# Suche nach Online Fun Fotomontage Seiten...



## mahon (20. Oktober 2007)

Hi zusammen,

vielleicht könnte jemand von euch uns Helfen, es gab mal eine Seite wo Texte automatisiert in Bilder eingebaut wurden. So waren zb. 2 Mädels nackt am Bett und hielten einen Papkarton hoch auf dem Stand "Wir Lieben dich Mahon".....
Das ganze war dann teuschend echt gemacht.....

Jedenfalls gabs da viele Bilder und die Möglichkeiten seine Texte einzubauen.

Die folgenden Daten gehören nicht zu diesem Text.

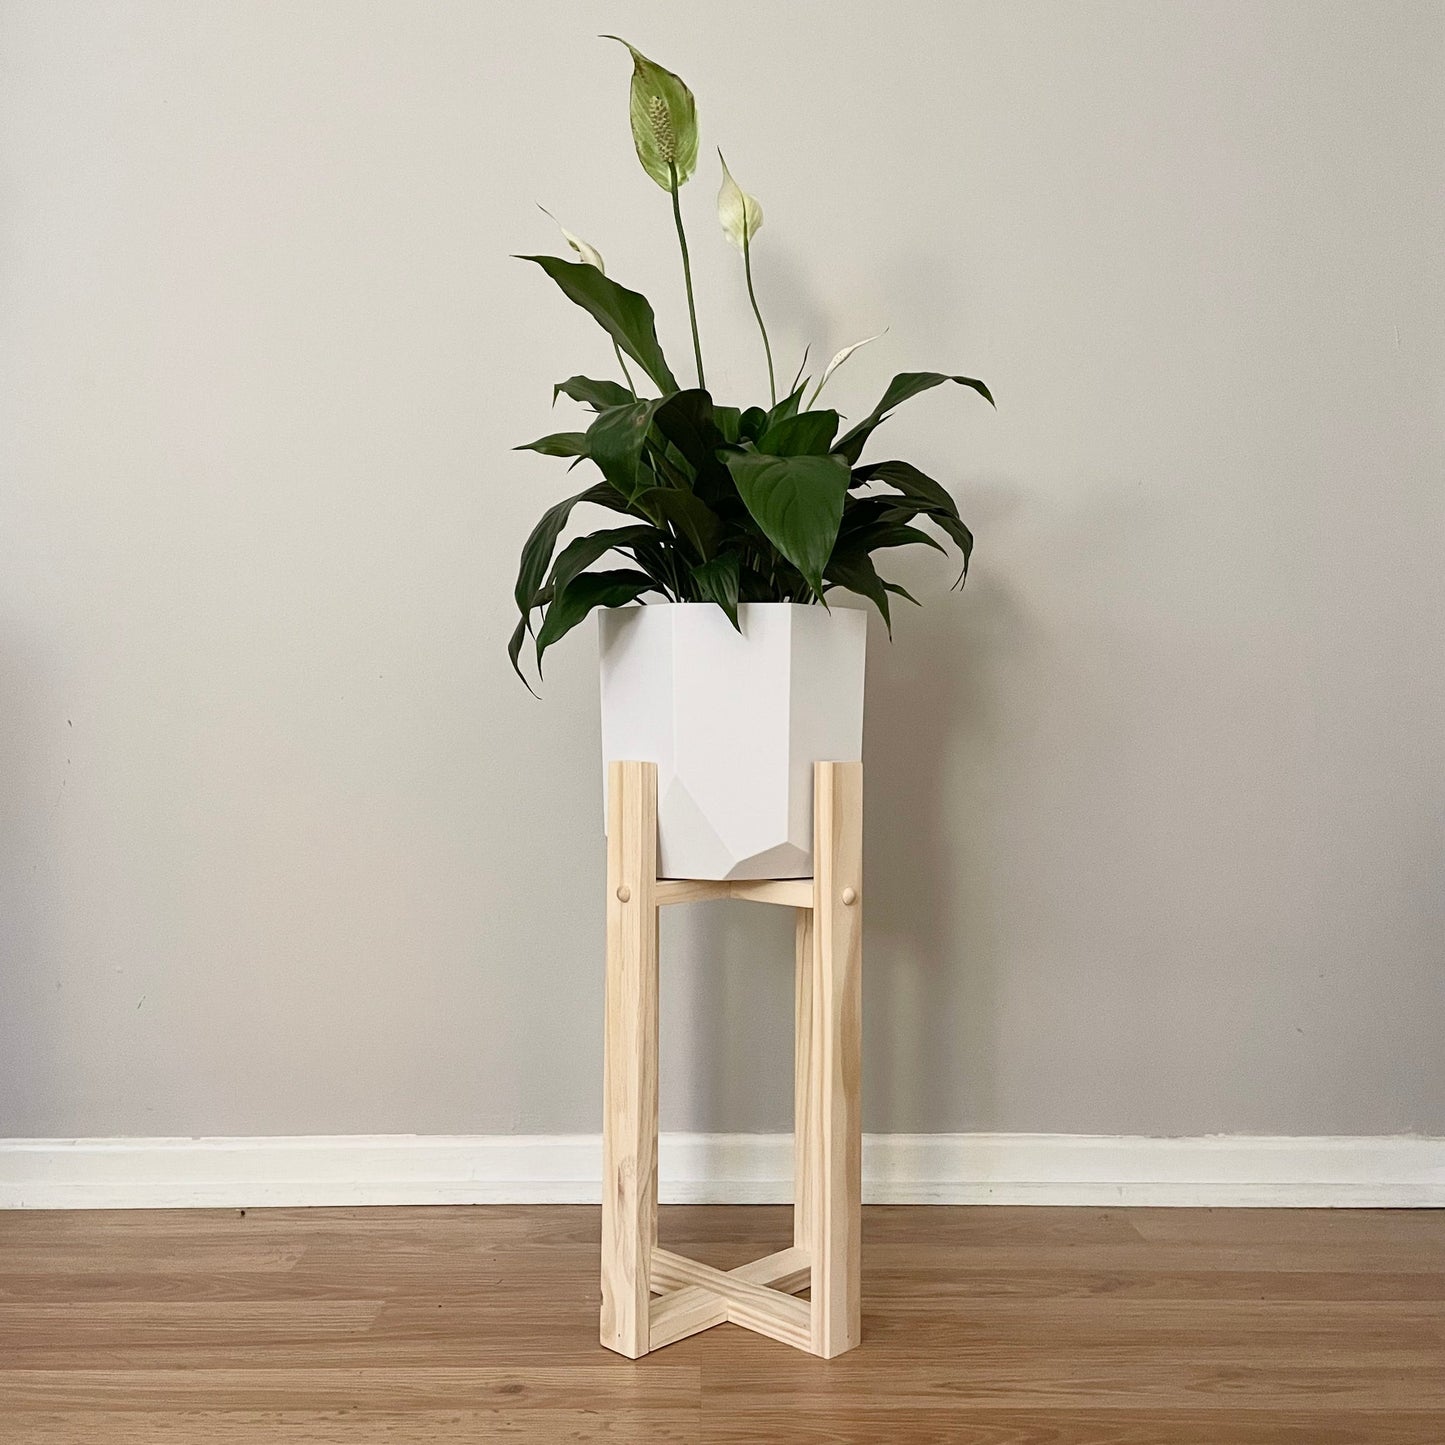 Plant Stands in Natural Pine - Project Pine Designs

Kennt Jemand so etwas in diesser richtung?

mfg
Mahon


----------



## fluessig (20. Oktober 2007)

Du meinst sowas:
http://mahon.justgotowned.com/


----------



## mahon (21. Oktober 2007)

jein.......

Ist zwar irgendwie cool, aber noch nicht ganz das was ich meinte.

trotzdem Danke.....



mfg
Mahon


----------



## Polf (19. Dezember 2007)

das Beispiel, was Du genannt hast, ist da zwar nicht bei, aber wenn du nach "Myspace Generators" googlest, sind auf diesen "Pimp-my-MySpace" Seiten oft so Fotos, wo man Namen einfügt...

http://www.jellymuffin.com/generators/tombstone/ <---ein Beispiel =)

Das geht zumindest in die Richtung, und wenn du dich da ein bisschen umschaust, findest du vllt auch, was du genau suchst

MfG, Polf


----------